I thought it was the case that there had been essentially no formal negotiation of either Roanoke service or any of the other options, and that the main advantage Roanoke has over the other options is that it more clearly does not need additional rolling stock, and the railroad is already in good shape and has some maintenance infrastructure in Roanoke already, such that it is not clear that much physical construction would be necessary other than platforms. But it seems to me that Virginia and Amtrak haven't really negotiated anything that formally commits them to prefer Roanoke over the other options if they were to become focused on other options. (And even if they had signed a contract, couldn't they back out of it if for some reason they came to a mutual agreement to change the plan?)
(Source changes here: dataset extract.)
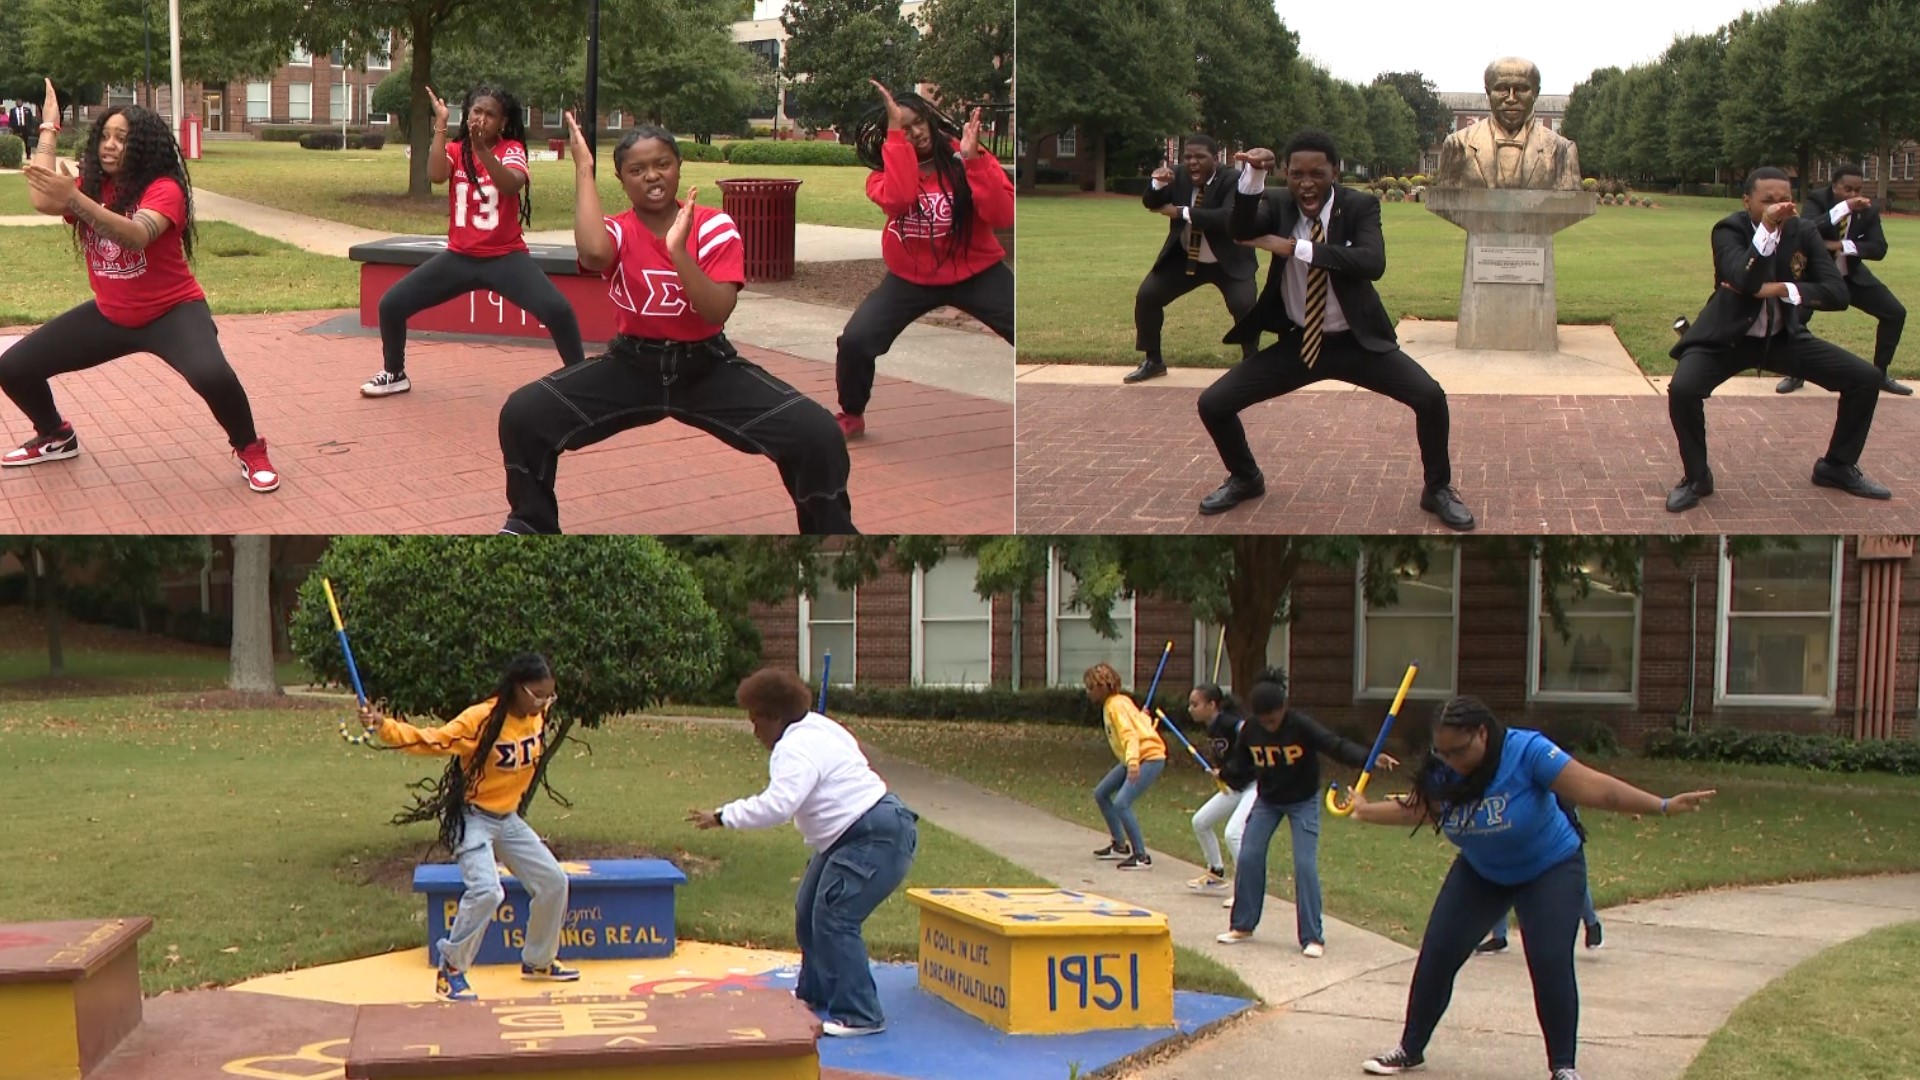 Fraternities and sororities will be showing out and celebrating the stepping tradition

Is Norfolk service in the picture at all? (I seem to recall that it would require some substantial track upgrades, and a station.)


----------



## Green Maned Lion (Feb 19, 2010)

Joel N. Weber II said:


> But I thought the theory was that the Hoosier State was scheduled primarily for the benefit of non-revenue equipment moves between Beach Grove and Chicago. There's no maintenance shop near CVS that I'm aware of...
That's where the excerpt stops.